“好傢伙,居然修行到瞭如此地步!”柳大爺有些驚訝的開口。
隨即只見林川雙手掐訣,順道咬破了自己的手指,柳大爺喫驚的說:“林家小輩,你難道要以自身精血爲媒介,與老夫合爲一體?”
葉寄北喃喃道:“林川居然以自身精血餵養家仙,這搞不好是要折壽的。”
我說真沒想到看起來平平無奇的林川居然這麼厲害,還好咱們沒輕舉妄動,否則怎麼死的都不知道。
“柳大爺,你能在十分鐘解決掉它嗎?”林川沉聲道。
“老夫試一試吧,不過小子你可要想好,老夫與你林家先人有約,不能吸食林家後代的精血,你這麼做出了什麼後果你自己負責。”
“我知道,柳大爺只管放手去做。

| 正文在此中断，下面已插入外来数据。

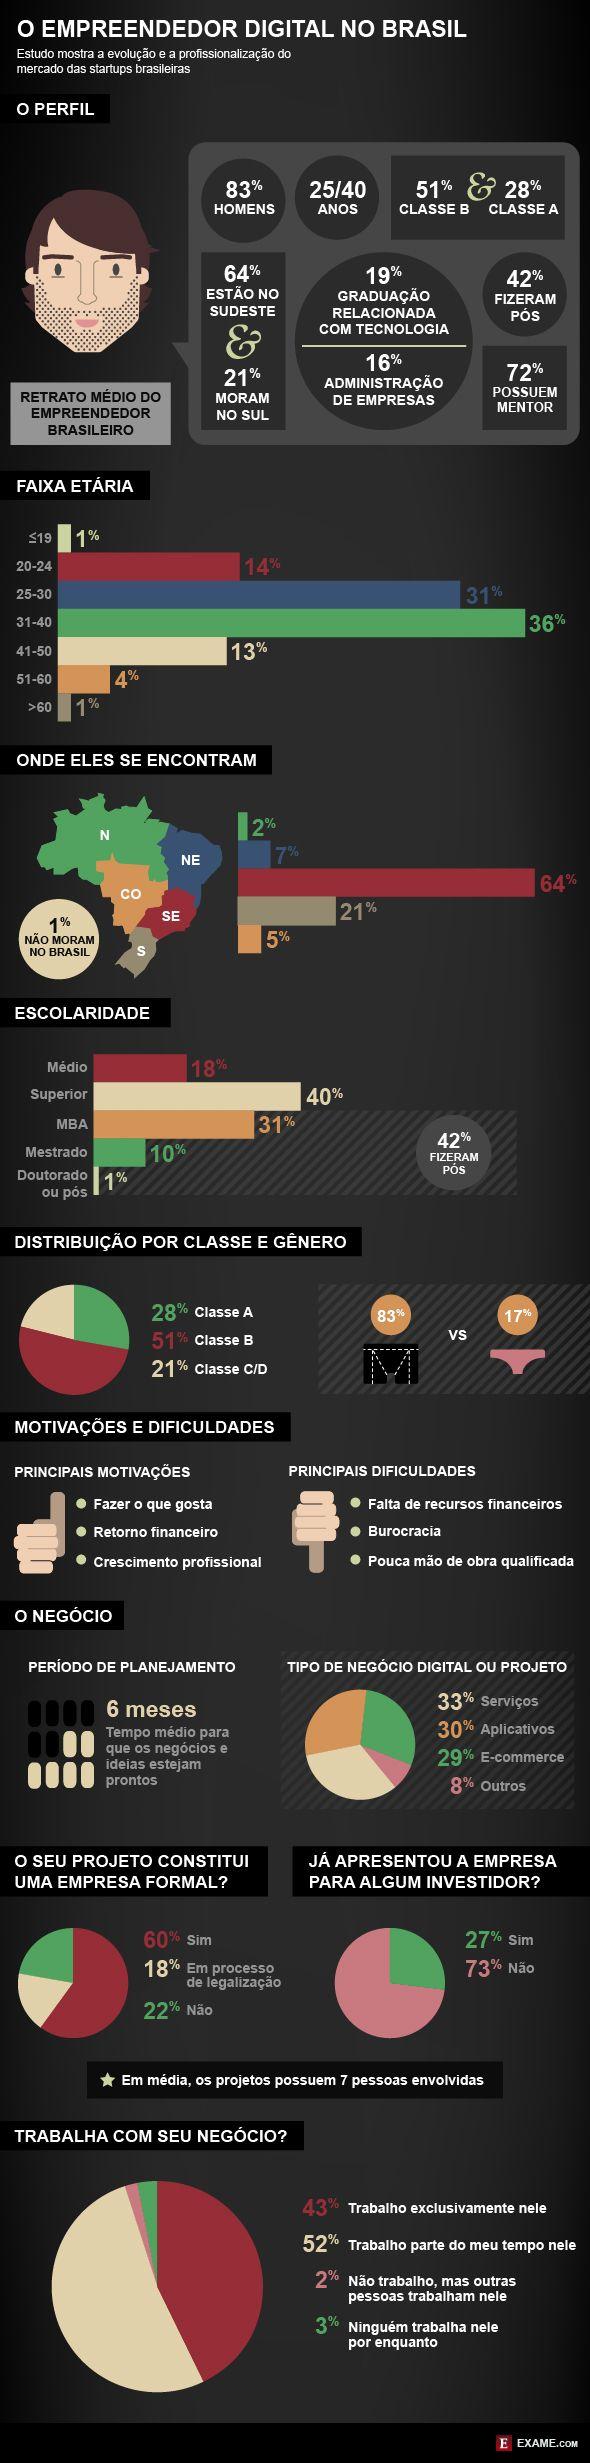 O perfil do empreendedor digital brasileiro.  #empreendedorismo #empresadigital

”林川堅定的點點頭。
柳大爺不再說話,只見那巨大的蛇頭張開大口,林川手上的精血就像是被什麼東西給吸納了一樣,化成一滴圓溜溜的珠子徑直飛向了柳大爺的口中。
而吸食了林川精血的柳大爺頓時一聲長嘯,巨大的身體幻化成實體,身上的鱗片清晰可見,藍色的眼睛猶如燈籠一樣,射出駭人的光芒。
森森巨口吐出泛白的寒氣。
這已經不是幻象了,而是實體,按理說出馬仙是不能以實體在人間行走的,他們的本體一般都藏在深山老林中修行,幫助出馬弟子的不過是一縷化身。
“孽畜,受死!”柳大爺狂吼一聲,宛如巨龍的軀體朝着鎮邪鬼將席捲而去。
我只感覺地動山搖,彷彿發生了地震一樣,而此刻的鎮邪鬼將渾身都散發出濃烈的屍氣,手中的長槍仿若擎天玉柱,直直的朝着柳大爺刺去。
如此大的動靜,要是不小心傷到鎮邪殿,恐怕鎮邪殿瞬間就會化成一堆瓦礫。
我看的心驚膽戰,媽的,還好有林川,要不然我和葉寄北今天鐵定要交待在這裏。
鎮邪鬼將不是被封印了一半惡性嗎?爲何還是如此殘暴,來不來就要將別人刺上幾個窟窿眼。
巨大的長槍夾雜着無窮無盡的煞氣朝着柳大爺刺去,雖然鎮邪鬼將現在個頭巨大,但是動作卻快的不可思議。
幾乎是在眨眼之間,那長槍便已刺到了柳大爺身前。
柳大爺渾身電光纏繞,簡直像是雷電法王,體表的罡氣硬生生接下了鎮邪鬼將這一擊。
然後就是柳大爺的反擊時刻,巨尾一甩,便重重的擊打在鎮邪鬼將的長槍之上。
鏗鏘之聲不絕於耳,我和葉寄北的耳膜都差點兒被震破。
而鎮邪鬼將被這一擊擊退數步,騰騰騰的一下撞在後面的石柱之上,石柱頓時被撞的四分五裂。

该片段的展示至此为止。